What could be learned by associating the characteristics of anomaly customers with actual momentary outage maps? The team pulled SOM anomalies and overlaid actual outage locations to find characteristics associated with momentaries. Digging deeper, distribution engineers conducted on-site inspections, installed power quality meters, and took corrective action.

Power quality meter data and investigation validated the SOM results. In one instance, the team verified an abnormal voltage drop on a long feeder. In another instance, a loaded neutral on a sewage pump created billing errors. More importantly, if the pump failed due to this condition, there would be an adverse environmental impact. In a third example, a billboard was experiencing large voltage swings. Investigation revealed an undersized secondary[2].

Words to the wise

For analytics practitioners who get to experiment with AI tools, here is what to consider:

Include domain expertise on the team.  According to the team lead, “AI is meaningless without domain knowledge.”  Duke was fortunate to have Sanda’s skills as an engineer and data scientist. Those skills in one person are rare, so be sure that your exploration team includes both.

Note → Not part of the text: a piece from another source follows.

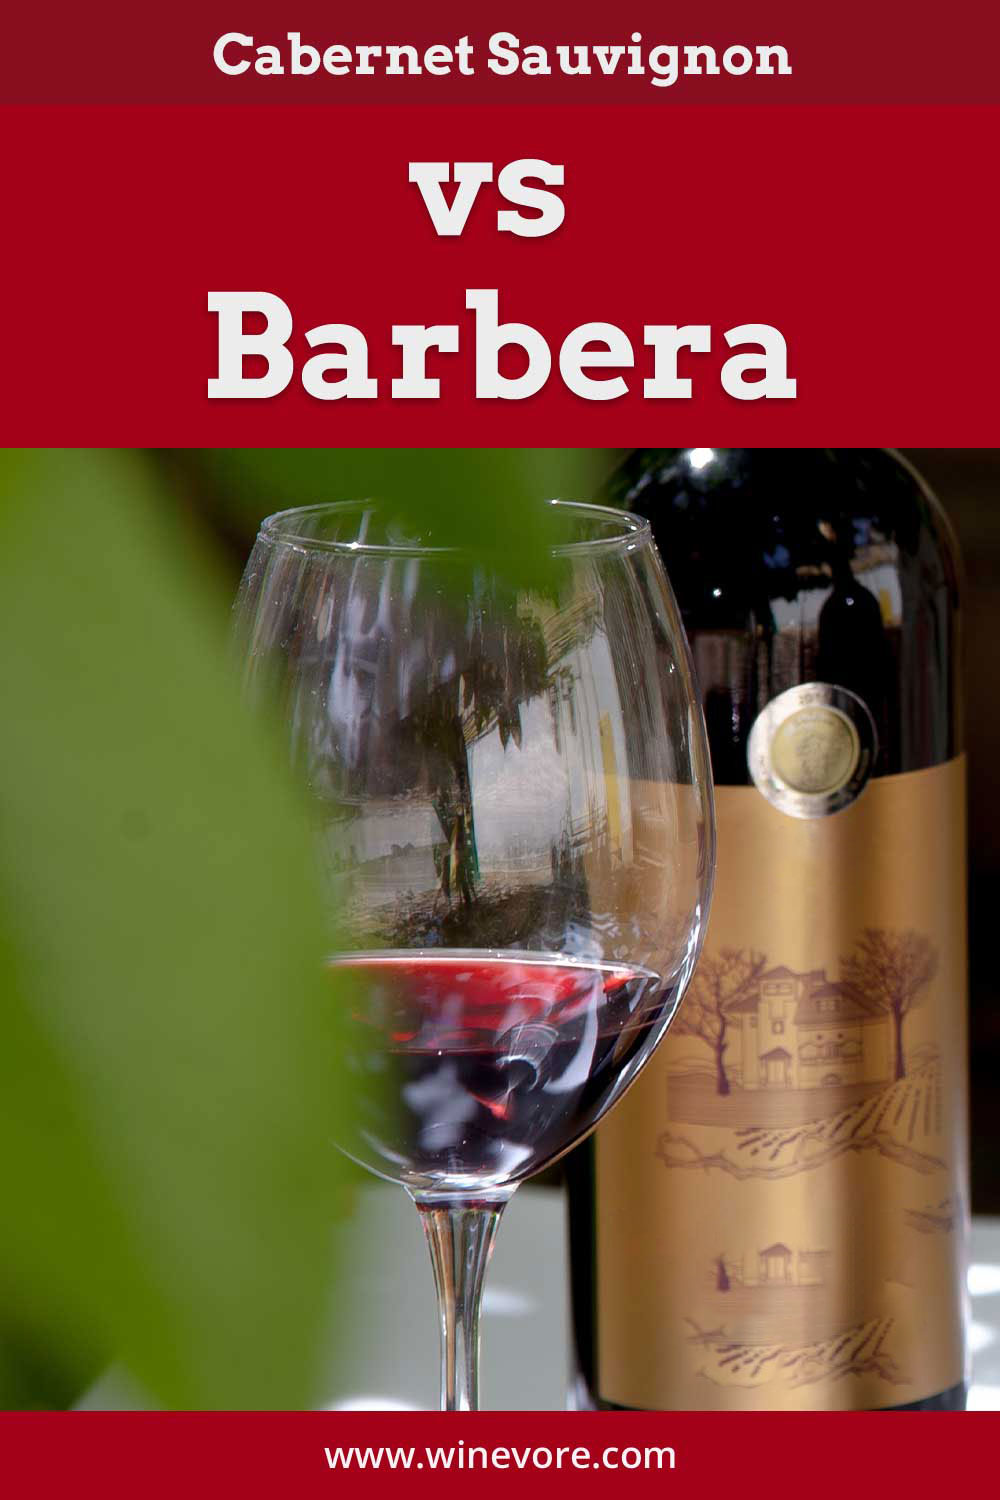 A wine glass with red wine in it near a bottle - Cabernet Sauvignon vs Barbera.

Make validation a part of the process.  Sometimes the application of analytics delivers results that appear to defy the laws of physics. Utilities run critical infrastructure, so skepticism is healthy. That’s why validation is a necessary step, not just at first the first use of a tool, but on an ongoing basis for subsequent experimentation.

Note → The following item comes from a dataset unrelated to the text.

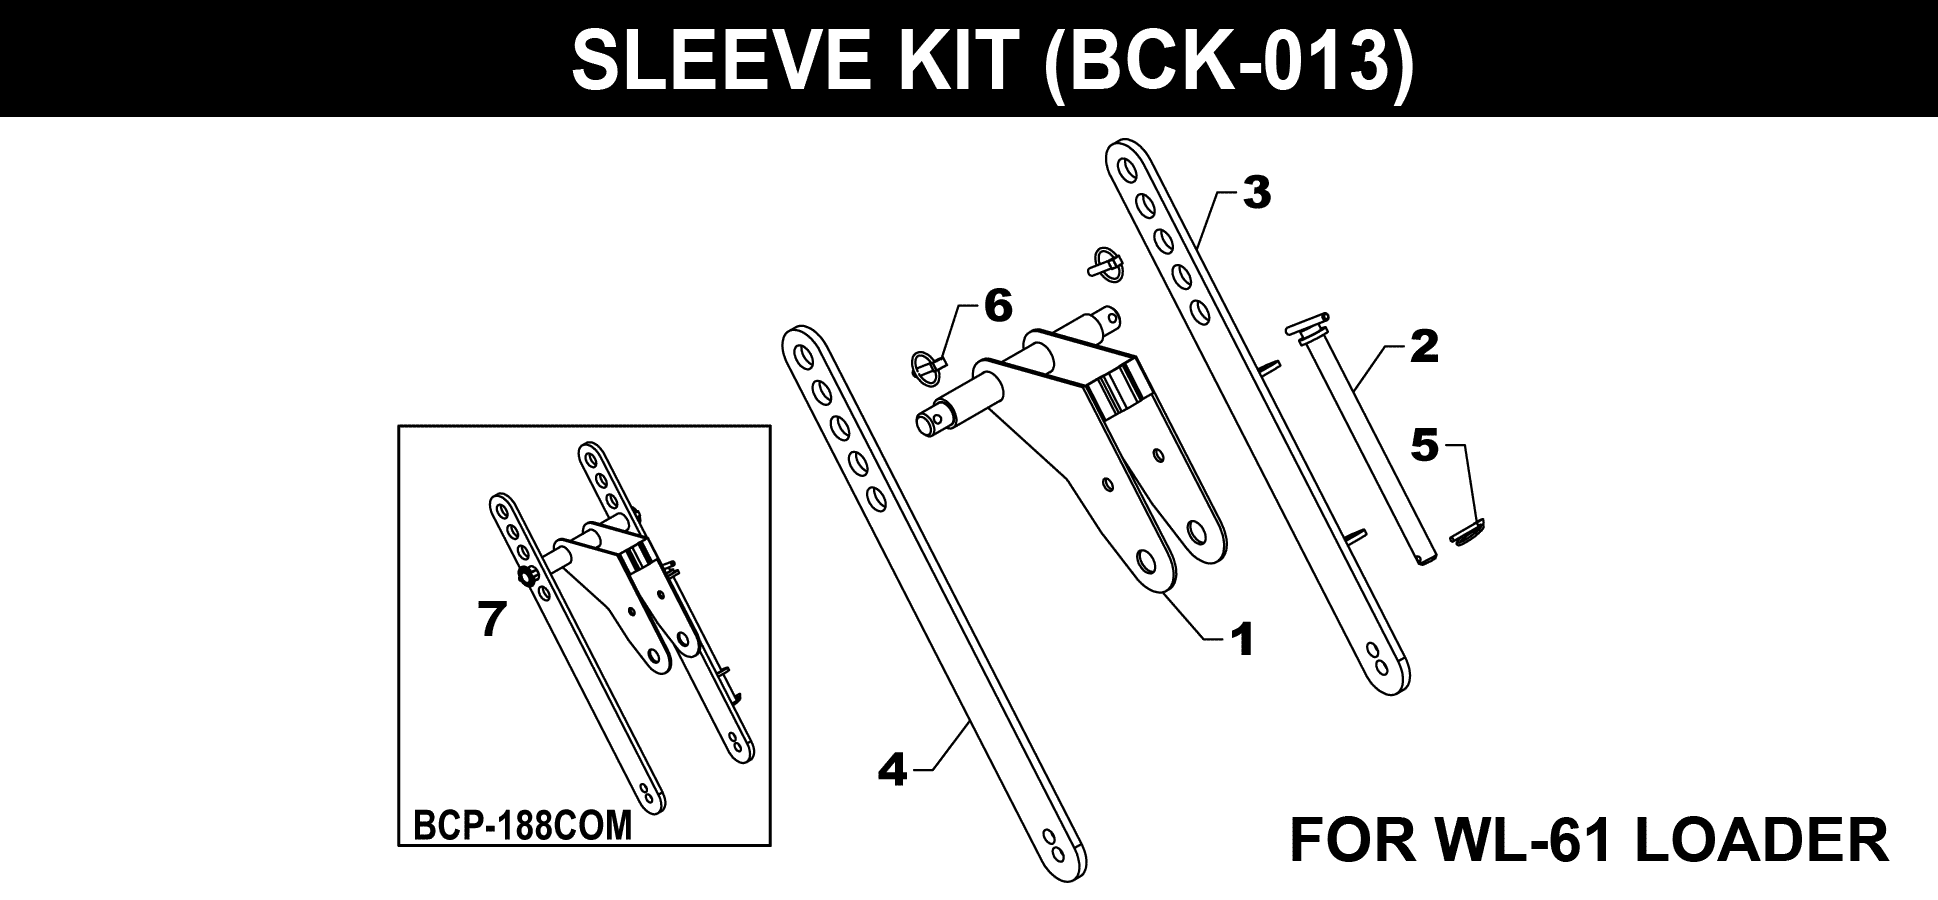 BCK-013 Sleeve Kit

Re-assess what data is critical.  One of the lessons learned in this exercise was that there is value in collecting granular voltage data from the AMI meters. There are not many instances where AMI meters are set to collect voltage data.  The meters in this sample did.  With more granular data, there is an opportunity to discover what might be missed otherwise.

 

[1] The article also has a great flowchart describing where deep learning fits into machine learning.

[2] Investigators also found that the time clocks on the billboard were off.  Half of the billboard was list at night, the other half during the day.